The Australian 4th Division was formed in the First World War during the expansion of the Australian Imperial Force (AIF) infantry brigades in February 1916. In addition to the experienced 4th Brigade (previously in the original New Zealand and Australian Division) were added the new 12th and 13th Brigades (spawned from the battalions of the 4th and 3rd Brigades respectively). From Egypt the division was sent to France. After the war ended and the AIF was demobilised, the division was dissolved.

In 1921, the 4th Division name was reactivated as a Citizen Military Forces (militia/reserve) formation.

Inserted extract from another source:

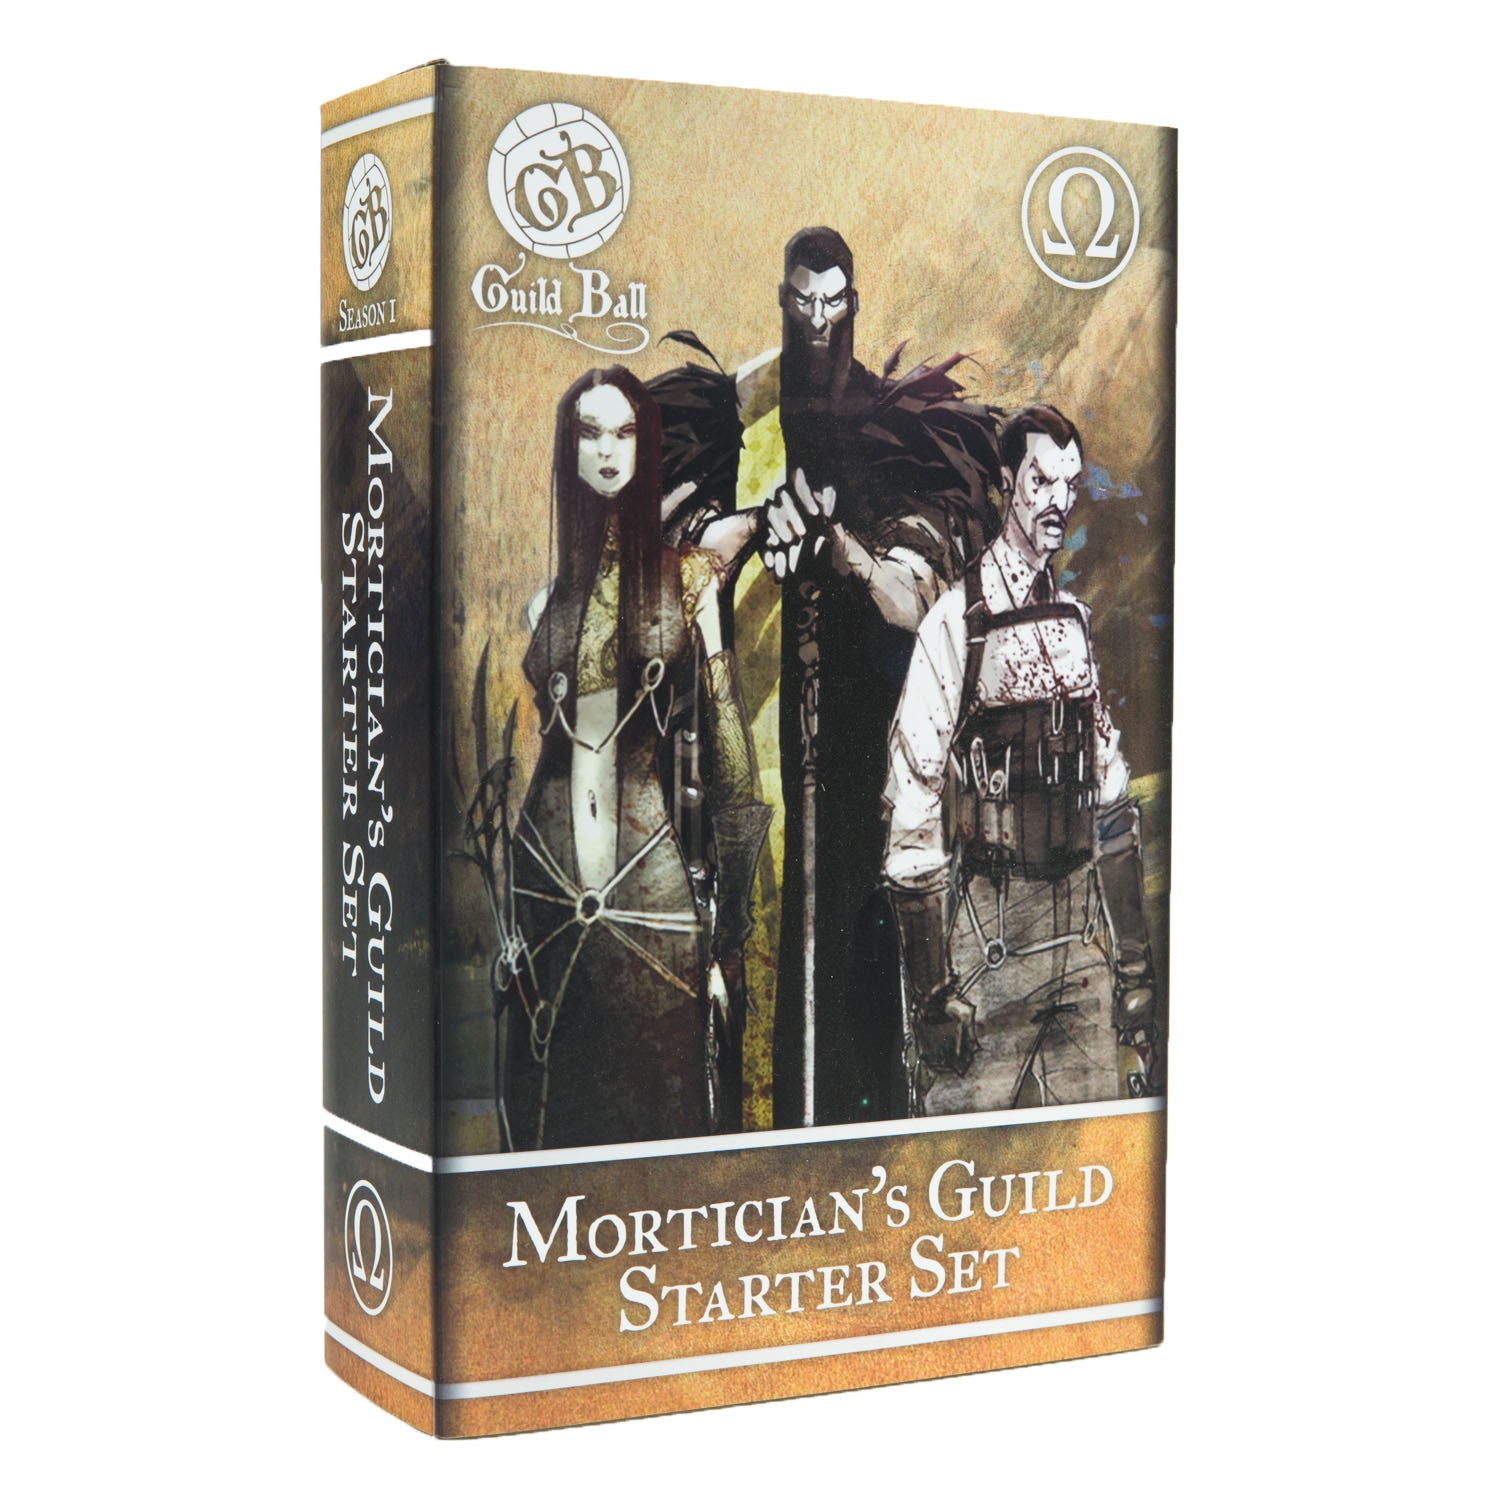 Guild Ball: Mortician's Guild Starter Set

The division performed home defence duties for most of World War II, before deactivation in 1944.

History[edit]

World War I[edit]

Formation in Egypt[edit]

In January 1916, Major General Alexander Godley, then commanding the Australian and New Zealand Army Corps and the AIF, put forward a proposal to use Australian reinforcements then training in Egypt to form two new divisions. The Australian government concurred and the Australian 4th Division was formed in this expansion of the Australian Imperial Force infantry brigades in February 1916. In addition to the experienced 4th Brigade (previously in the original New Zealand and Australian Division) there were added the new 12th and 13th Brigades (spawned from the battalions of the 4th and 3rd Brigades respectively).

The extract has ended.